The group plans to rework the ground so that it slopes away from the house. Garza said water from the next-door Edison Middle School property basically runs off right into the Solon House basement.
It will all be worth it to fix up the house that is listed on the National Register of Historic Places and carries a local landmark designation, Garza said. The Solon House is one of only a few still standing in Champaign from the era immediately after the Civil War, and it remains nearly untouched.
"You walk in there and it's pretty much like stepping back in time," Garza said. "Very little has been done to it."
PACA has put so much effort into saving the house, Garza said, because removing the house would be like removing a memory from the community.

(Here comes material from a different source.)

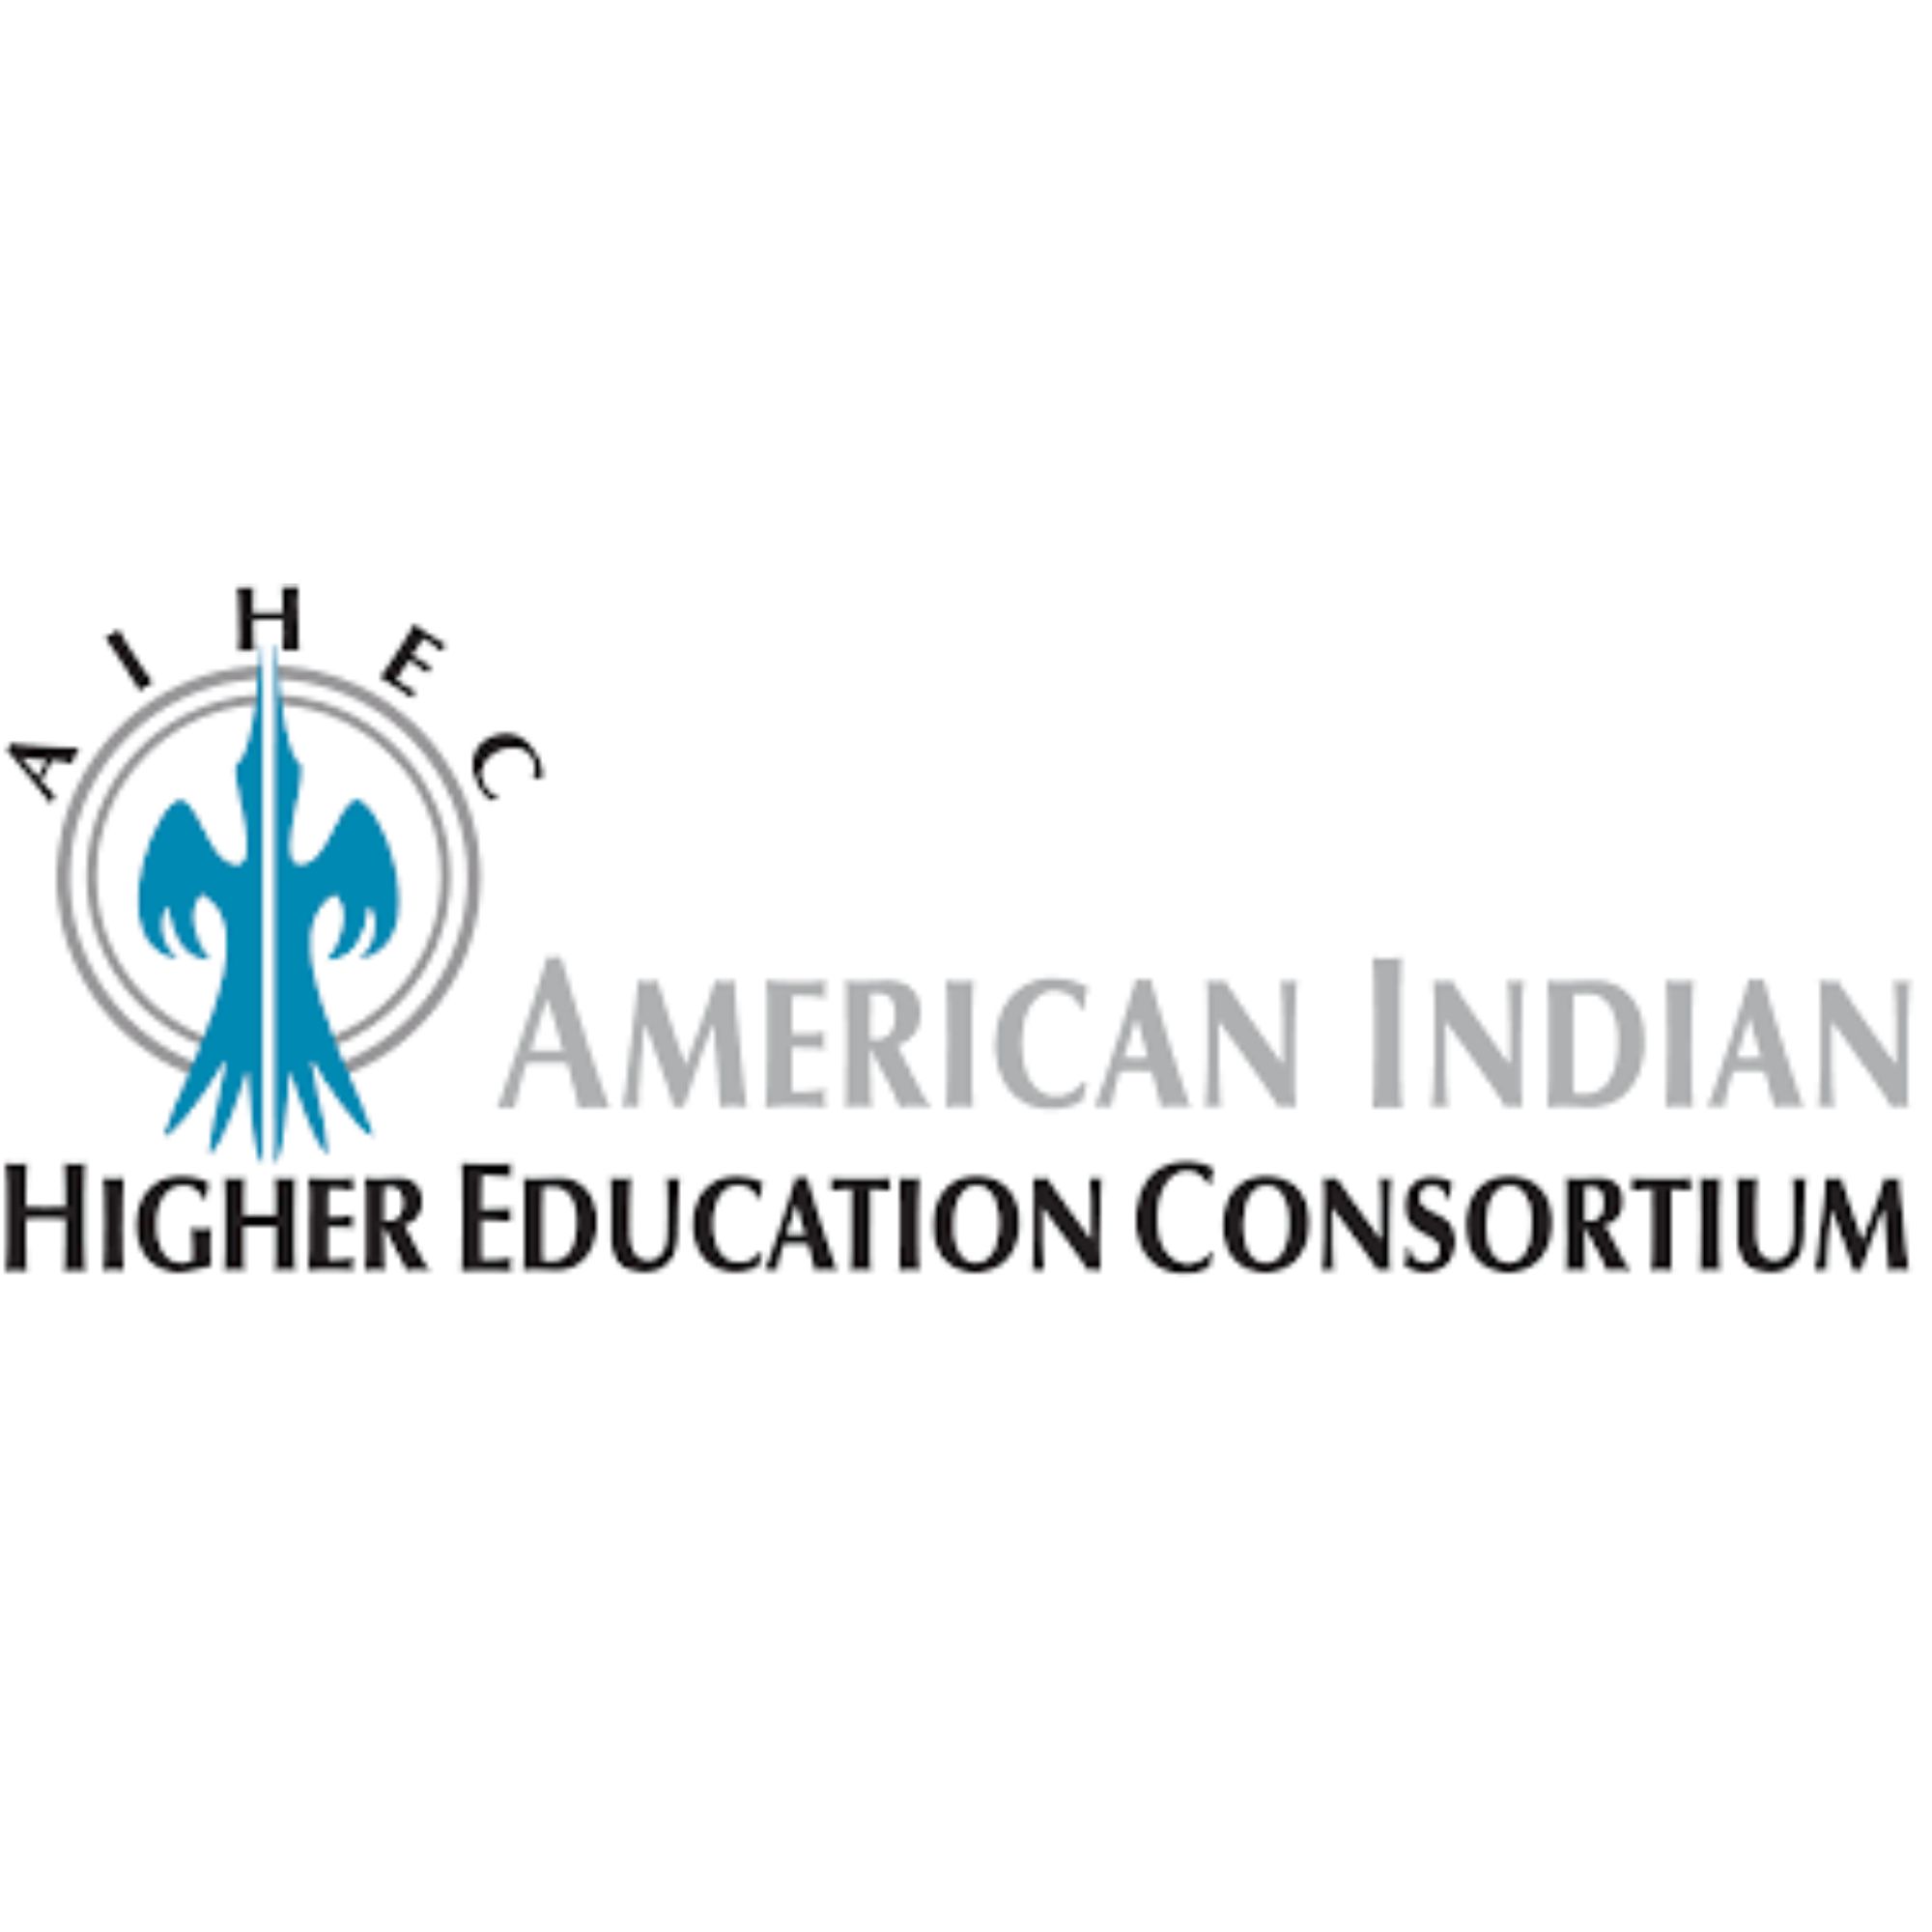 AMERICAN INDIAN HIGHER EDUCATION CONSORTIUM

"It's a landmark that anyone who has lived here for any length of time has some memory associated with that house," Garza said.
Garza said he has a few plans for the Preservation and Conservation Association of Champaign County. He took over the director's role in the middle of September after the retirement of his predeccesor, Karen Kummer.
Garza has been on the PACA board and served as its president for the past few years. He resigned that role so he could take over as director.
Already, he has extended the hours of the salvage warehouse at 44 E. Washington St. in downtown Champaign. It is now open Tuesday through Saturday — before, it was only open to the public on Saturday mornings and Wednesday evenings.
"That makes us more accessible, I think," Garza said.
He said he hopes to "organize the business" so that the association has a little more time to do some projects it just did not have time to do in the past.
"PACA has been all volunteer for a long time, and that means things sometimes get done and sometimes they don't," Garza said.
A big part of what he hopes to get done, he said, is public education. Garza wants to engage schools so that kids learn about preservation from an early age, and he hopes to increase general public awareness, too.
"People are starting to get a better understanding of how important it is to not just keep throwing things away," Garza said. "It's an excellent time to remind people that preservation has always been about recycling and reusing."